The activities where companies allocate the most resources aren’t necessarily where they create the most value.
The activities where companies allocate the most resources aren’t necessarily where they create the most value.

Gaining acceptance for intervention

Naturally, executives will need to explain the benefits of selective intervention to skeptical line managers—it creates more value for the company as a whole and enables a more fact-based and meaningful dialogue about planning and performance. By turning the conversation away from one largely about changes in growth and earnings to one that includes concrete initiatives and their impact on market share, gross margin, and capital turnover, managers will have more opportunities to develop new businesses, exit less attractive markets, and initiate promising R&D projects on their true merits.

One of the benefits of doing this well is that it allows line managers to fully understand where their businesses create value and how much they create relative to other businesses and activities in the company. When managers can see which trade-offs are being made and why, it’s easier to get behind allocation and budgeting decisions—and harder to be defensive. It’s also easier to see that this kind of selective intervention doesn’t mean executives are micromanaging the company’s businesses; when confronted with detailed information from so many business segments, micromanaging would hardly be feasible anyway, and it certainly would not be productive. What counts is that information is transparent so that executives can intervene when and where needed.
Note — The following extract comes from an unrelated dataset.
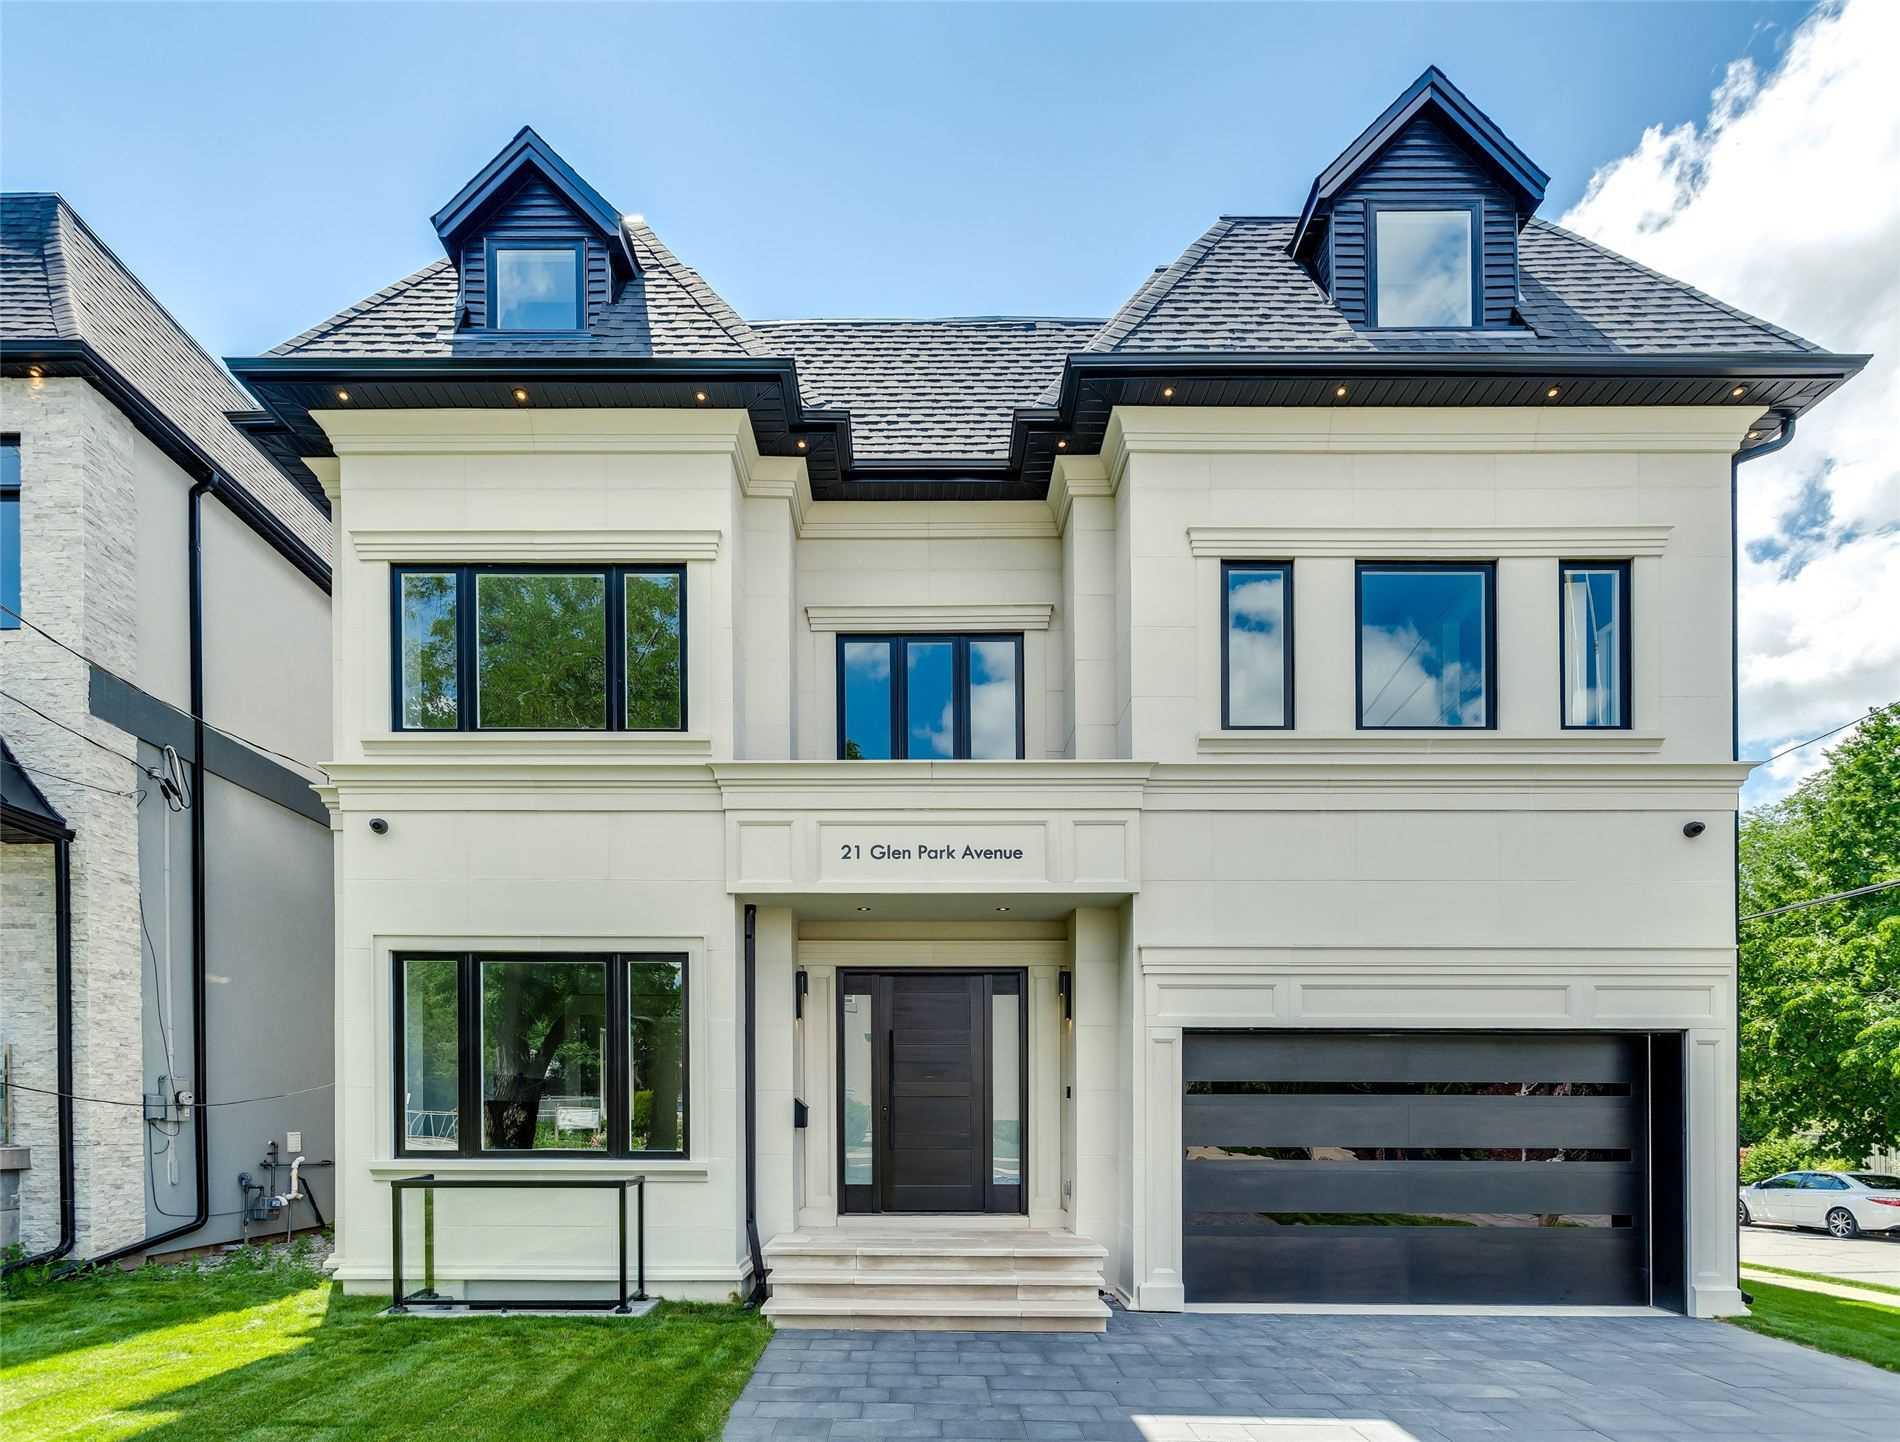 21 Glen Park Ave, Toronto, Ontario M2B2B8, 6 Bedrooms Bedrooms, 12 Rooms Rooms,6 BathroomsBathrooms,Detached,For Sale,Glen Park,C5305509

A second advantage of managing at this level of detail is that it allows managers to tailor a package of incentives and compensation that reflects what each unit is expected to accomplish. Instead of rewarding just top-line growth, they can combine measures of growth with, for example, increases in market share. Instead of rewarding just earnings targets, they might consider earnings growth combined with targets for specific components, such as gross margin or R&D spending.

Executives who manage at the level of a few divisions are more likely to be blinded by averages of top-line growth, economic profit, and ROIC. A more fine-grained review of what drives performance and growth at the level of 50 or more business segments can help.